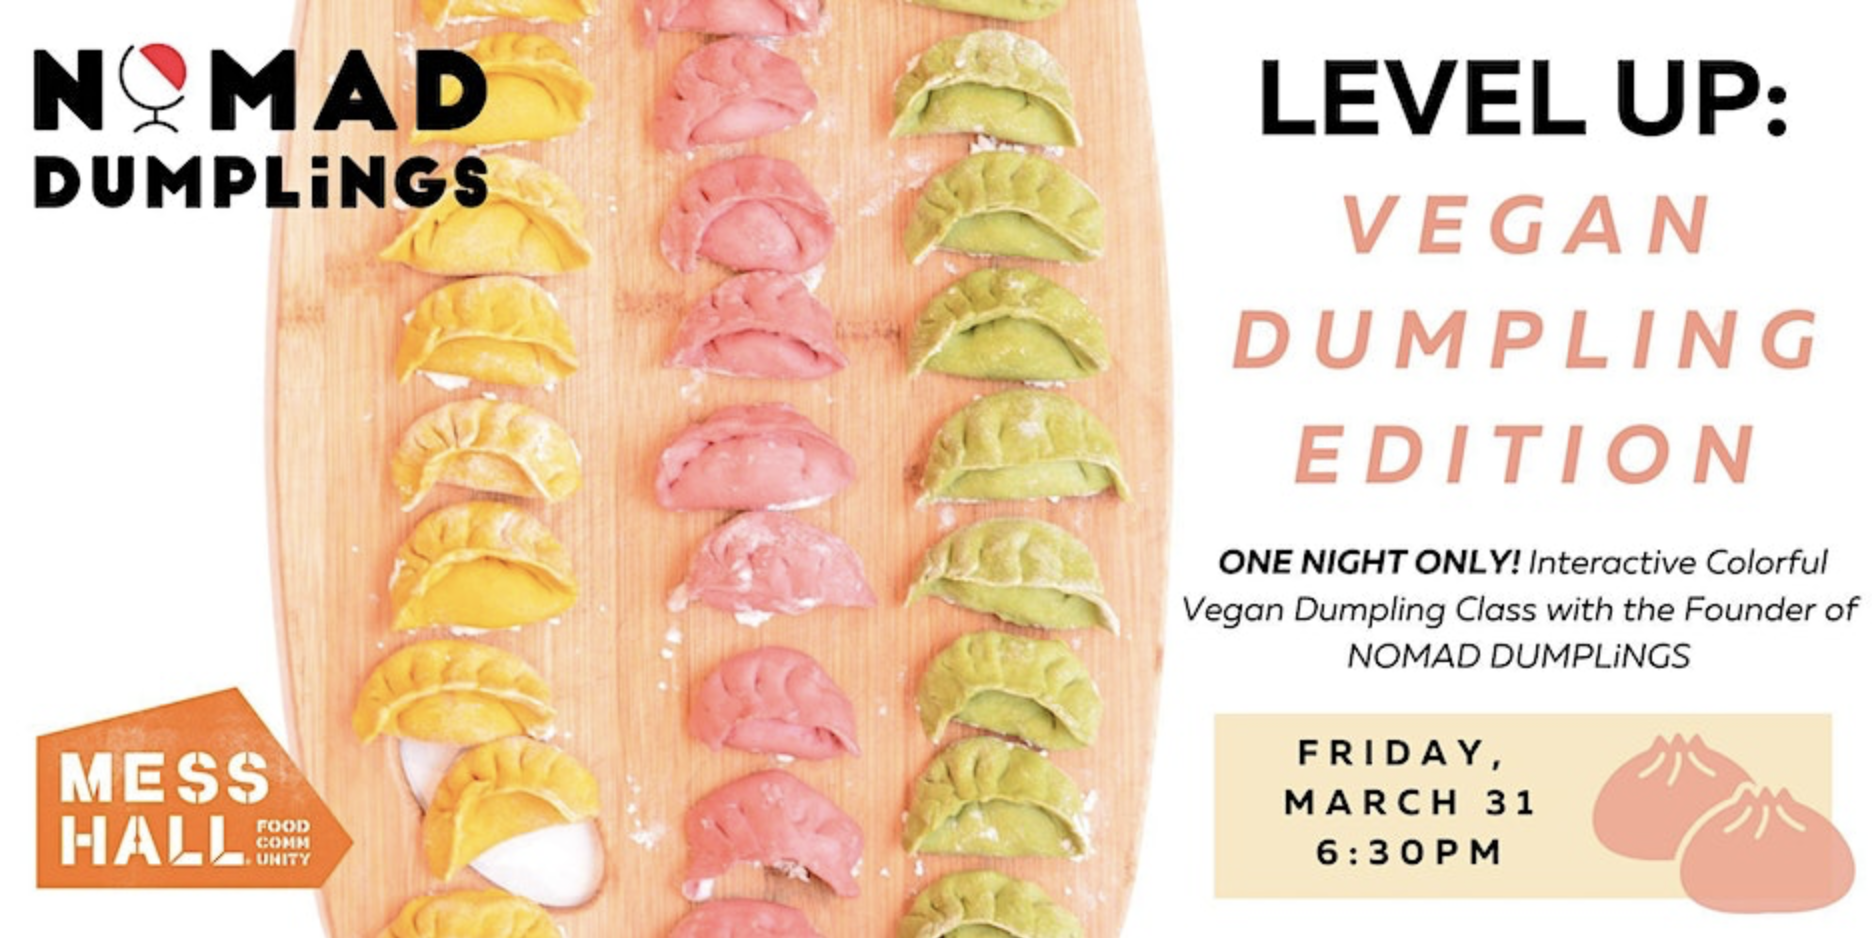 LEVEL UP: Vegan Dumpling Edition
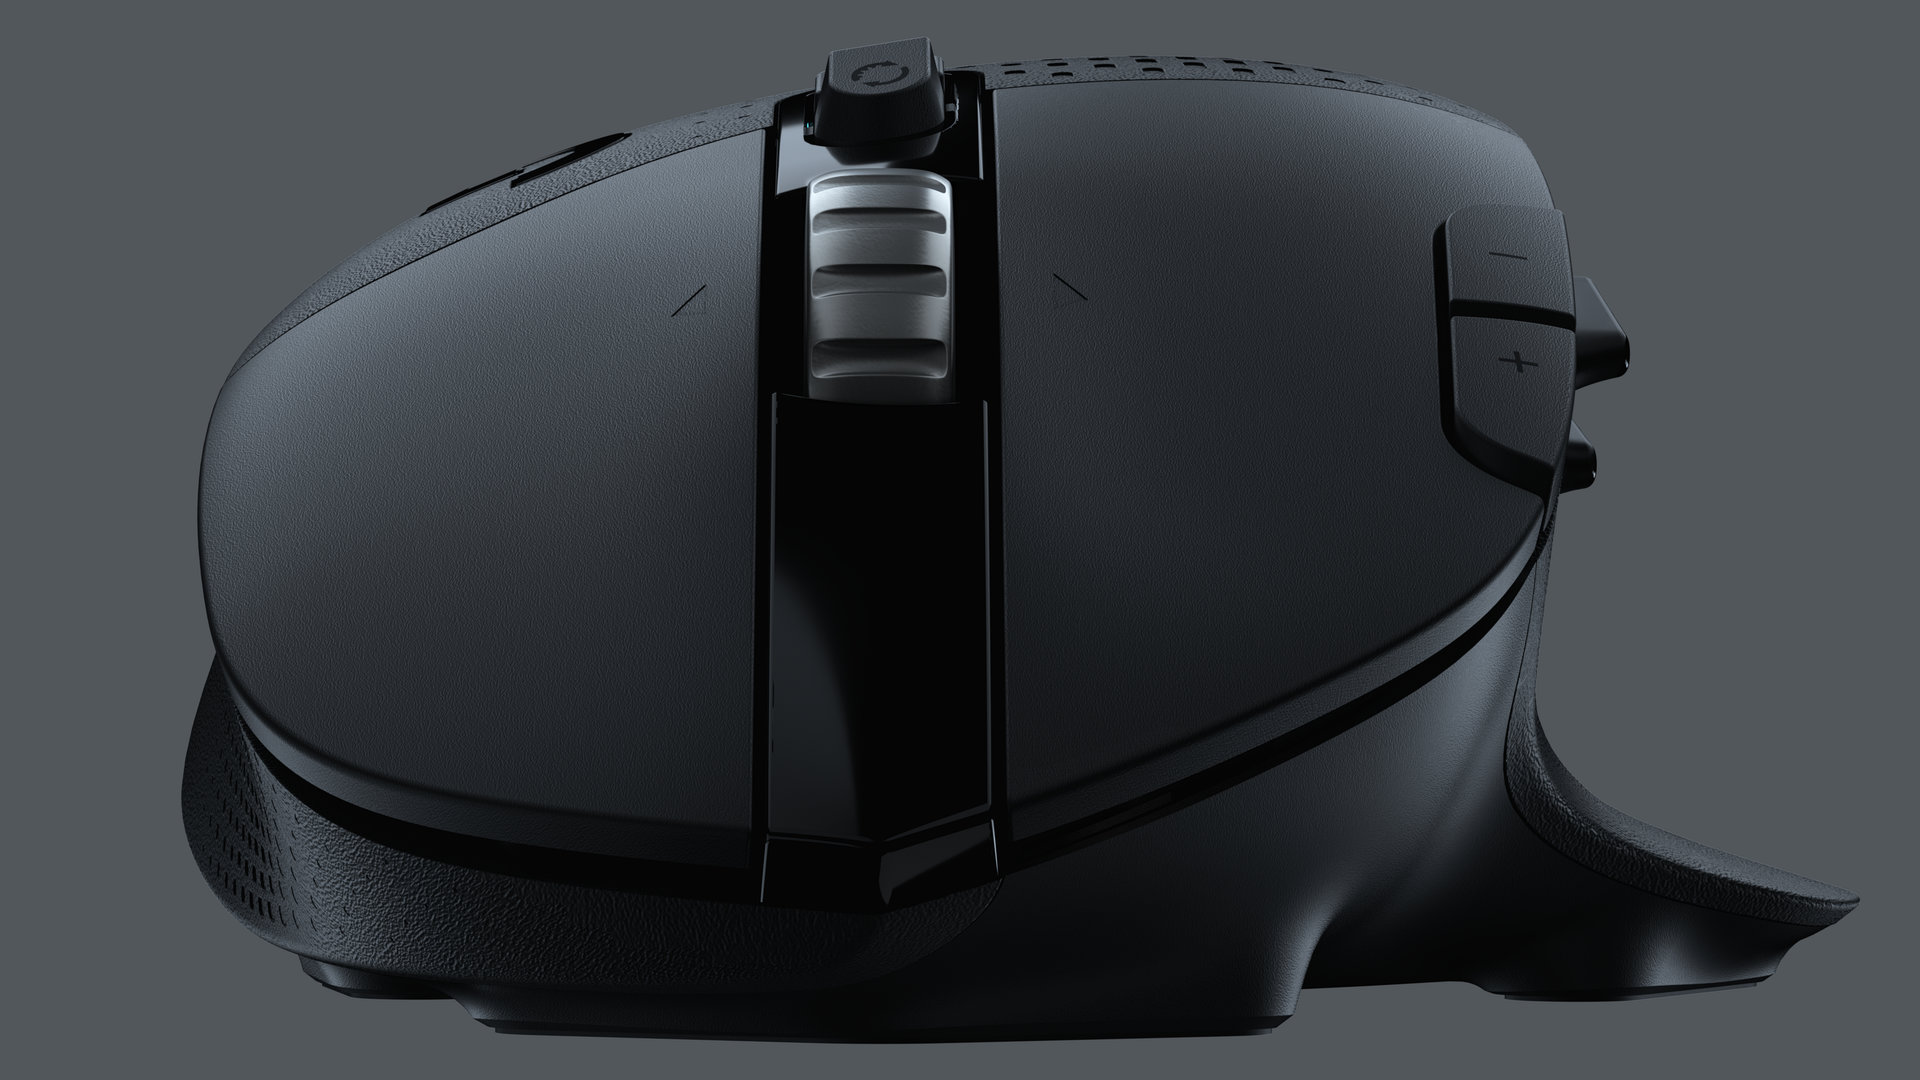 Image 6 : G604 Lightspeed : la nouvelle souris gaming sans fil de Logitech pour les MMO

------------------------------------------------------------

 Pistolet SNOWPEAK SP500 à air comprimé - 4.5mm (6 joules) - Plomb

------------------------------------------------------------

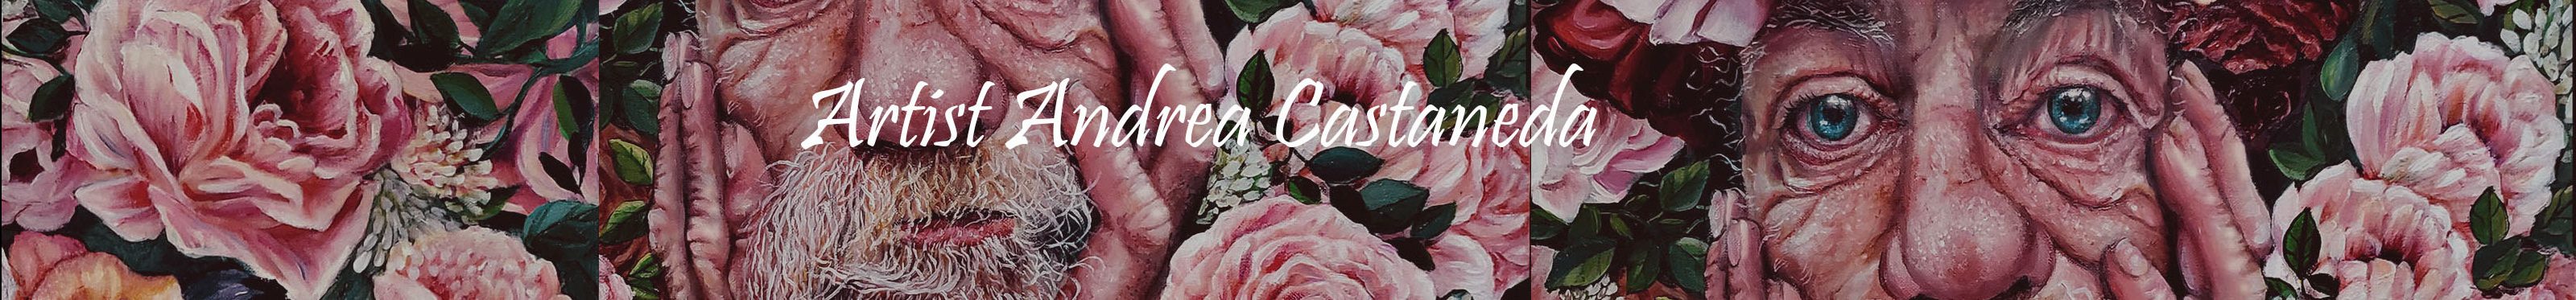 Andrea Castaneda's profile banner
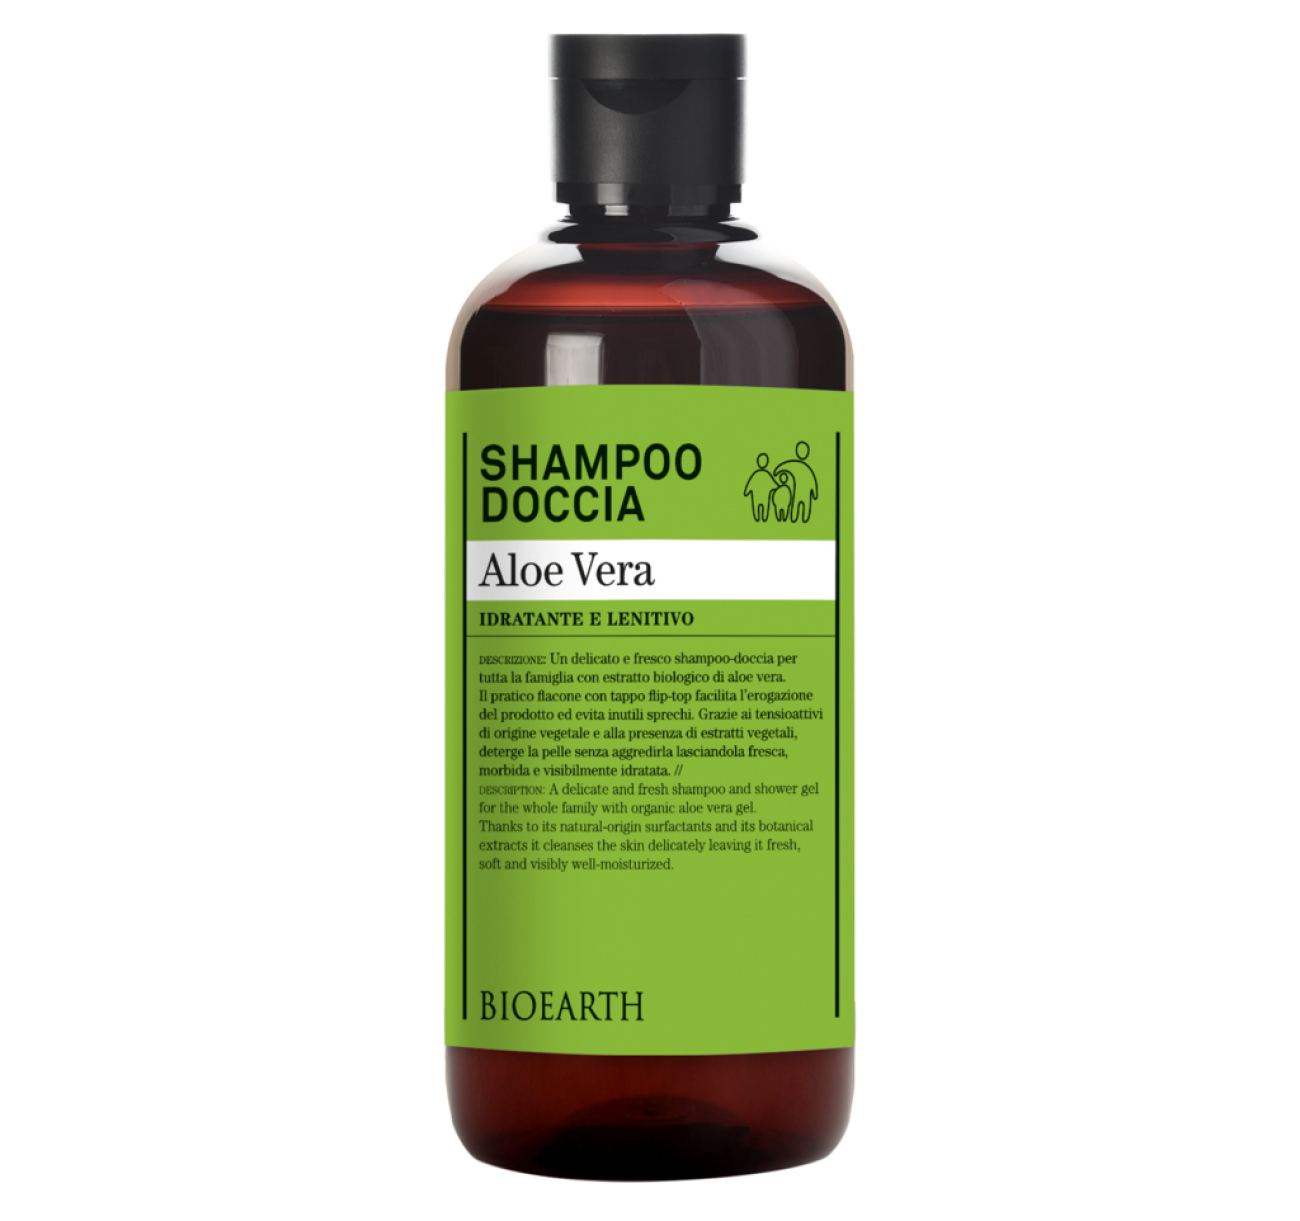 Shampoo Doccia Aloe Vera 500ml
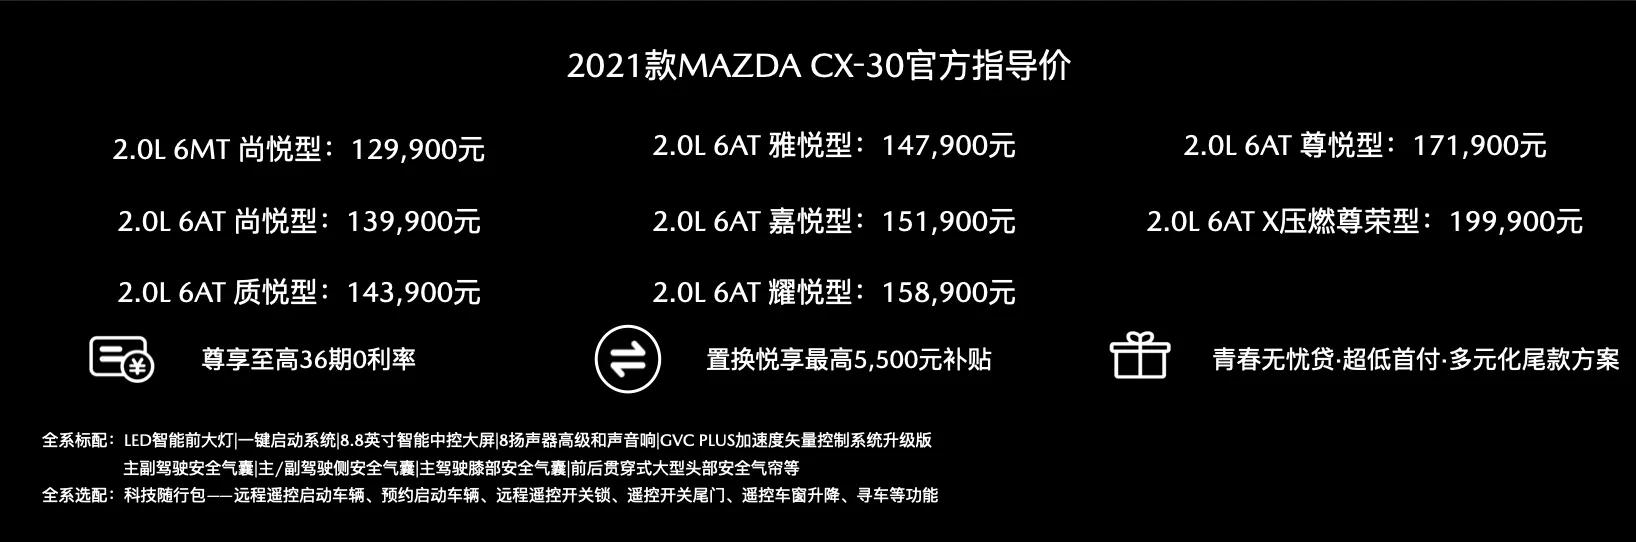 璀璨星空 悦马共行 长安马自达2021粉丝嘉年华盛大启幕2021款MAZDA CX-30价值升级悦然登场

------------------------------------------------------------

Leaving out the pictures, please output the lines in the entries above from the one with "Andrea Castaneda's profile banner" through the one with "璀璨星空 悦马共行 长安马自达2021粉丝嘉年华盛大启幕2021款MAZDA", exactly as they are.

> [Reply]
 Andrea Castaneda's profile banner
 Shampoo Doccia Aloe Vera 500ml
 璀璨星空 悦马共行 长安马自达2021粉丝嘉年华盛大启幕2021款MAZDA CX-30价值升级悦然登场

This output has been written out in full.